◆ What is expected ◆
Could you give the data below again exactly, apart from the pictures?

Data segment below:

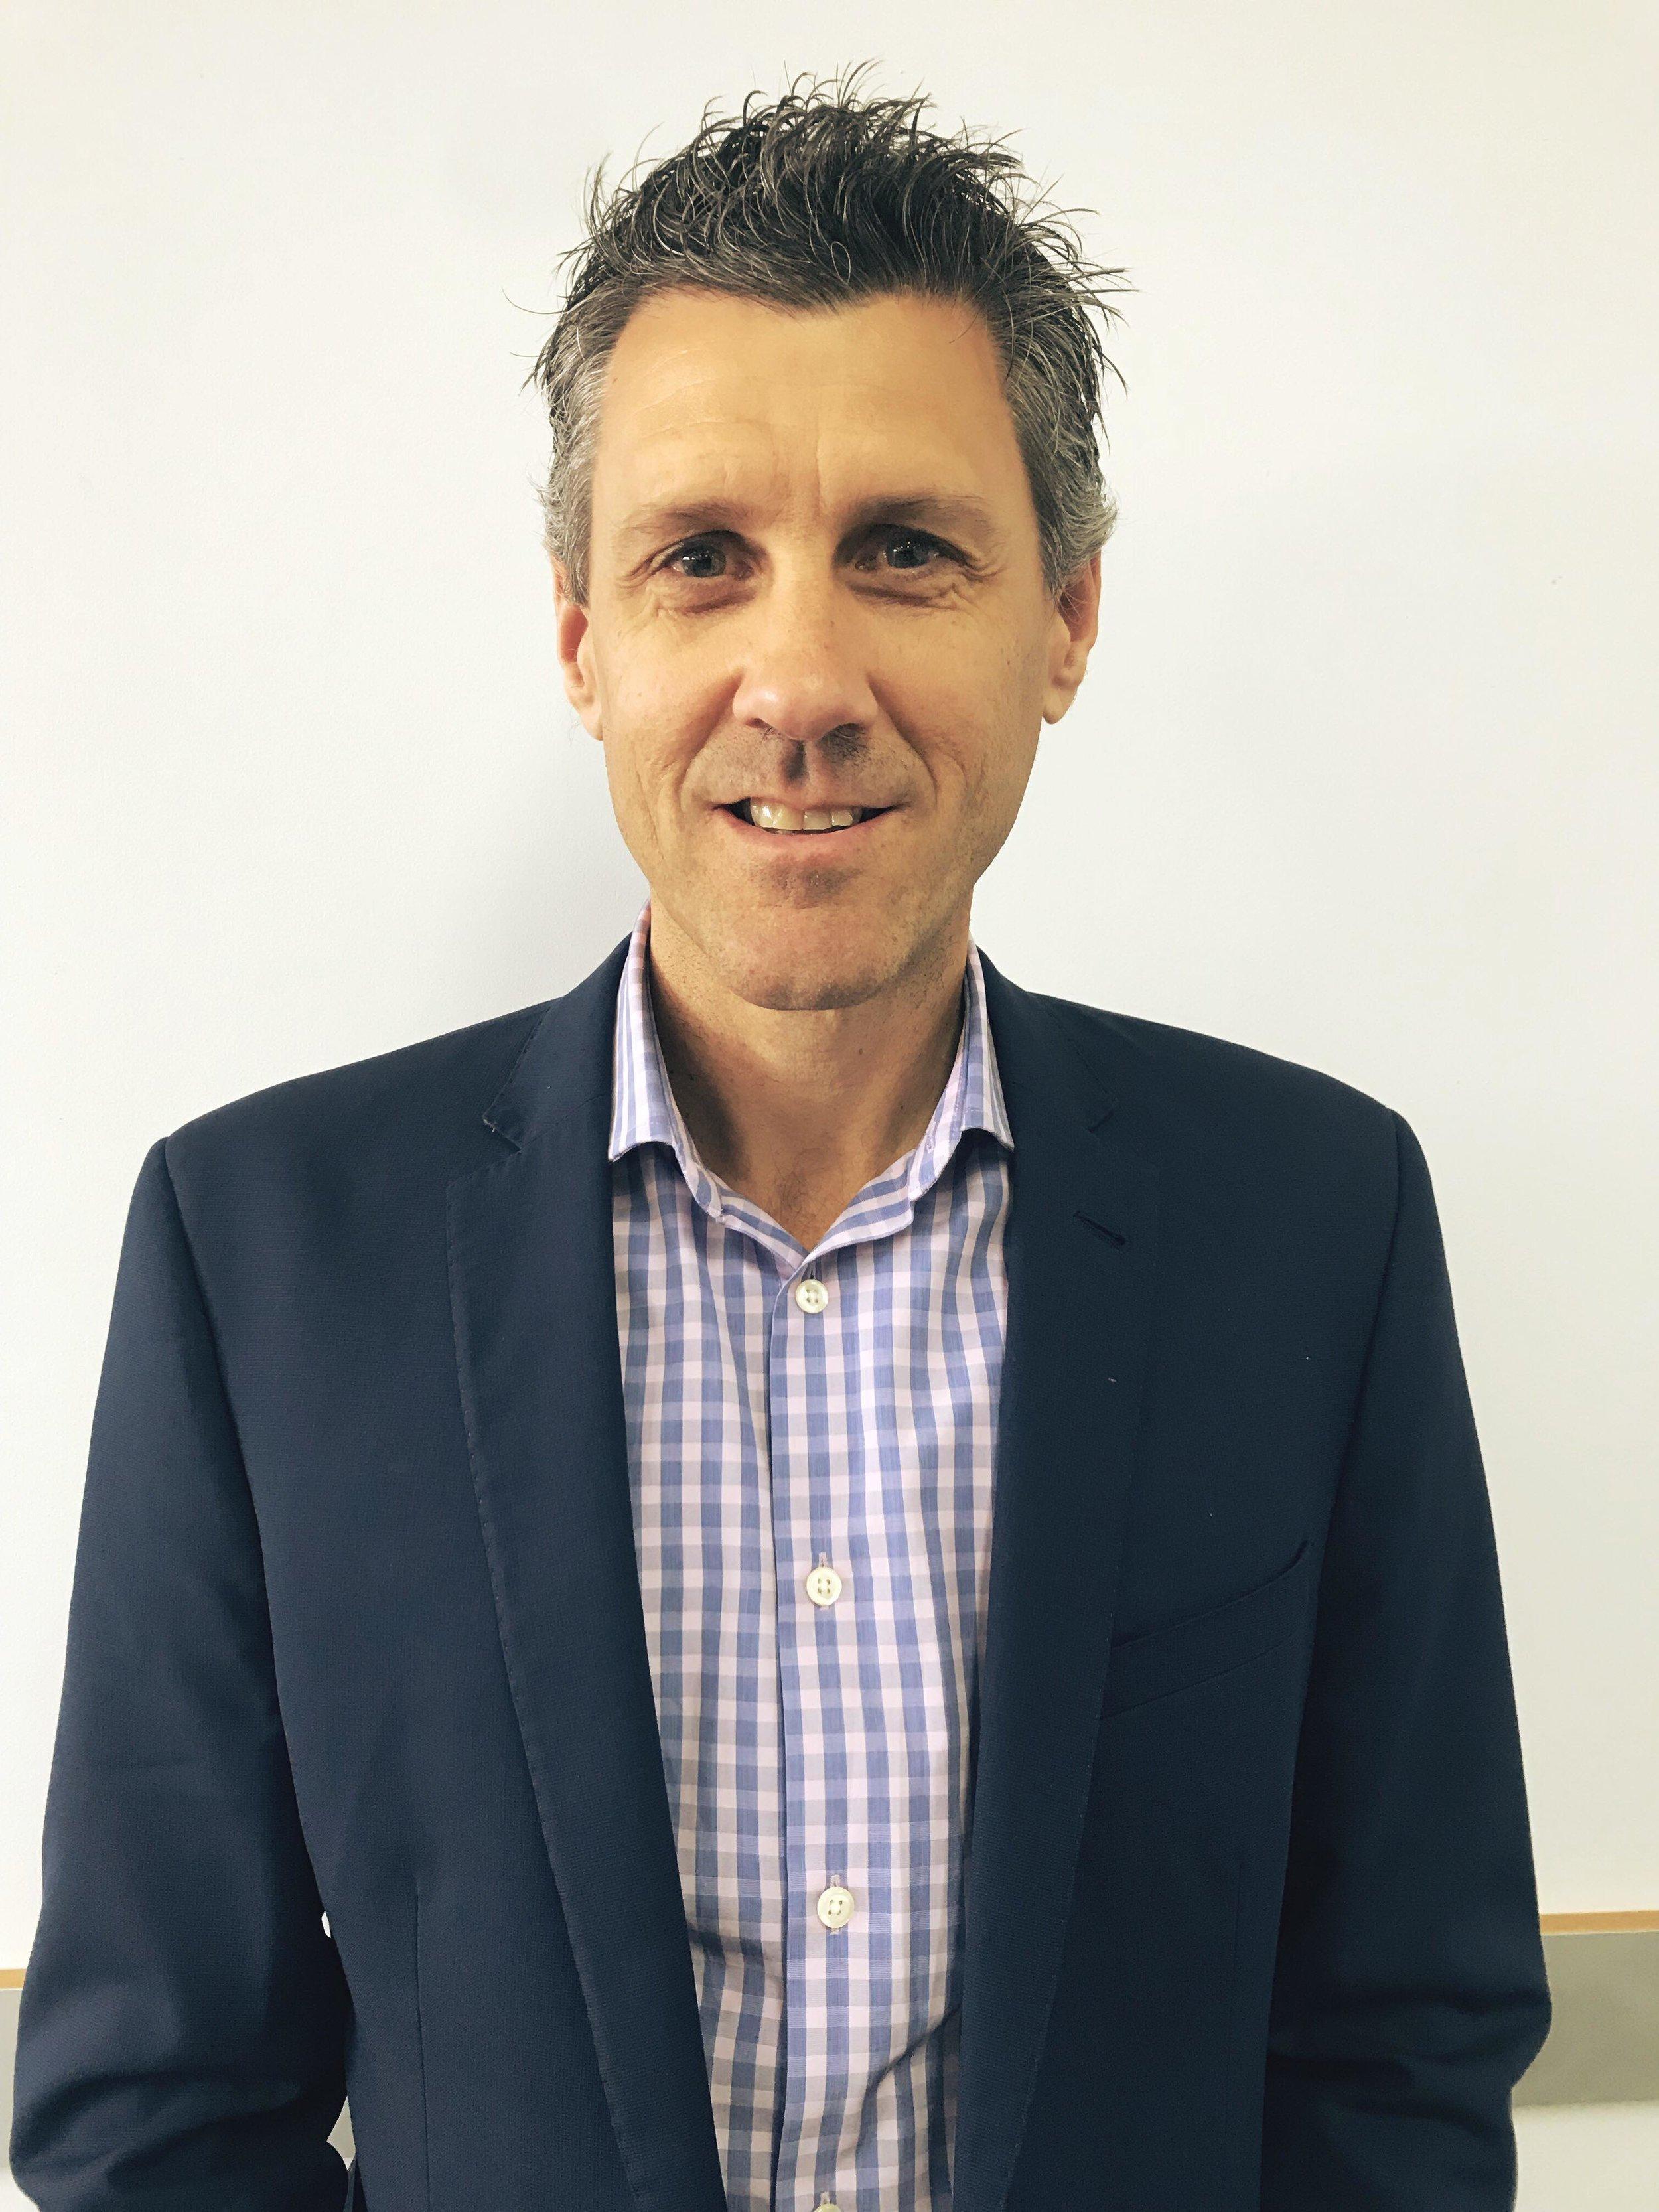 Steve Walker - Chief Executive Officer
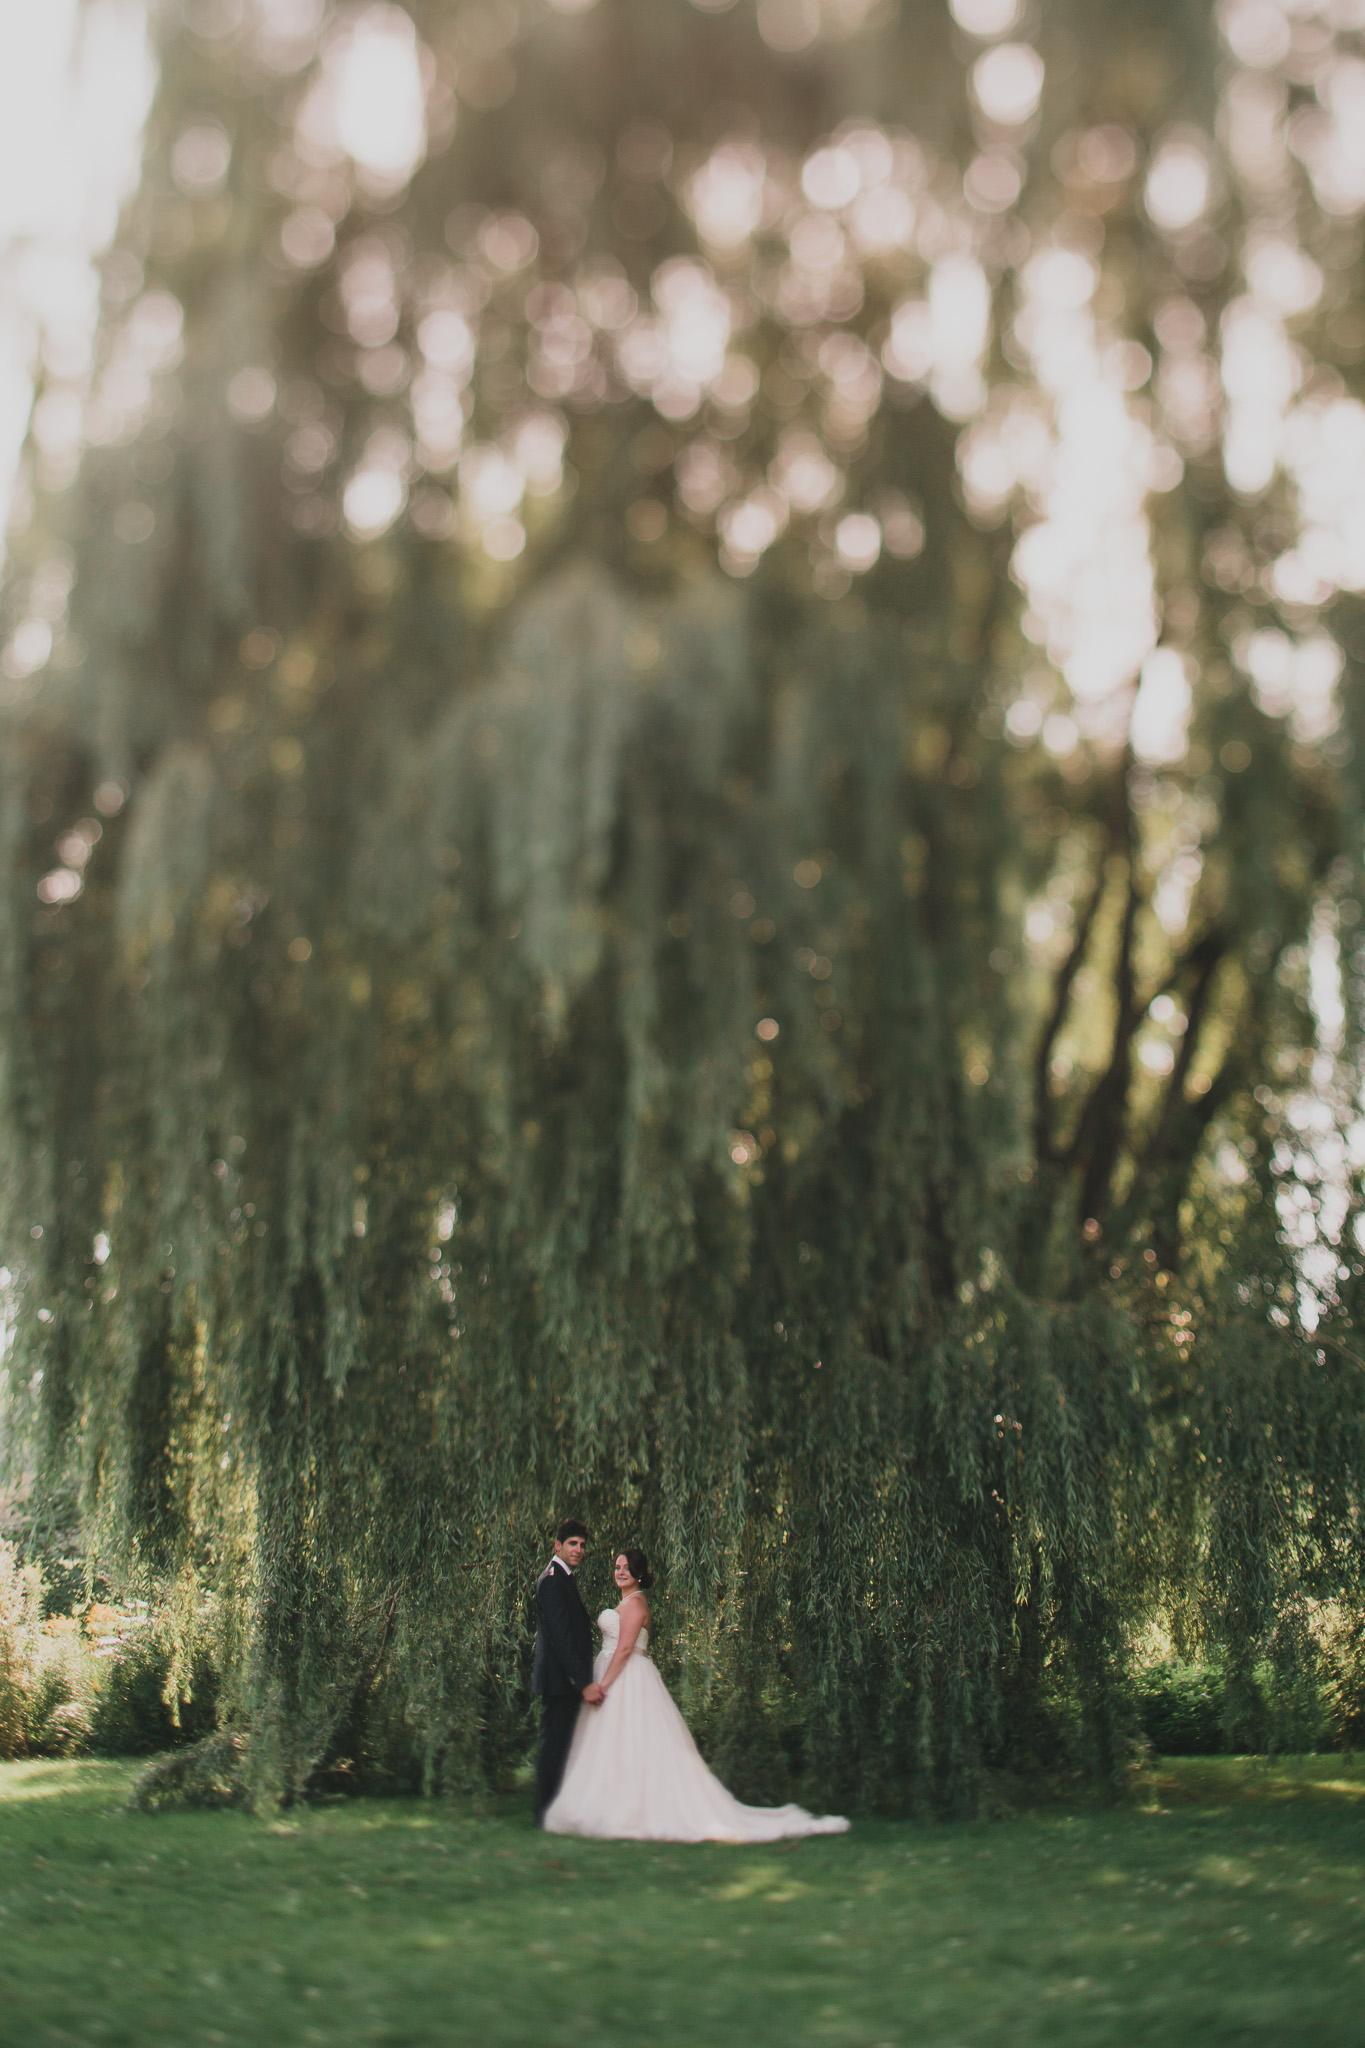 Dow's Lake Wedding Photo locations
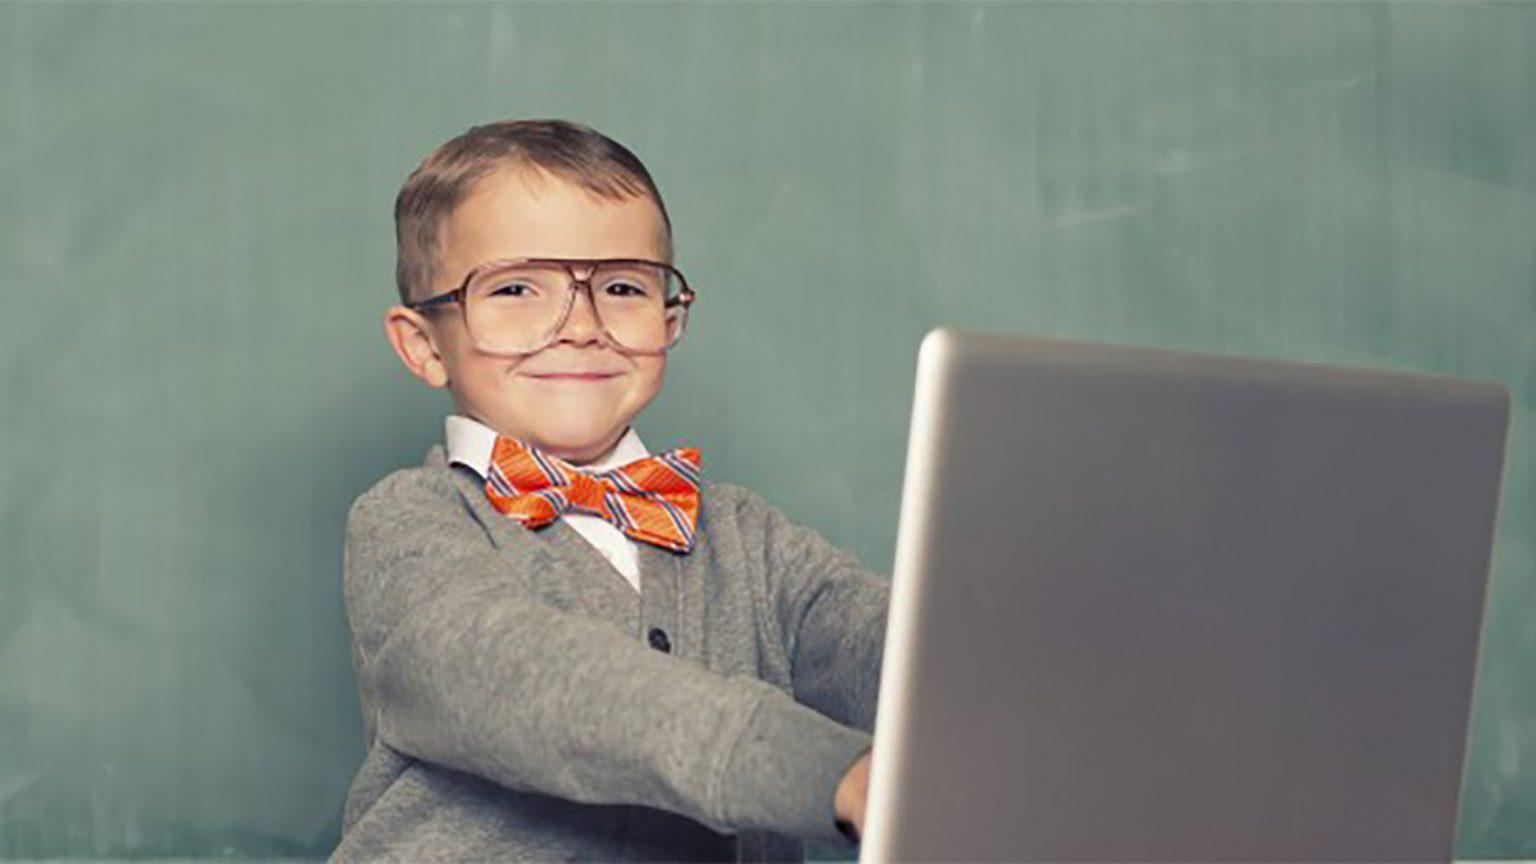 child laptop / ребёнок за ноутбуком

End of Data segment.

◆ Exercise output ◆
 Steve Walker - Chief Executive Officer
 Dow's Lake Wedding Photo locations
 child laptop / ребёнок за ноутбуком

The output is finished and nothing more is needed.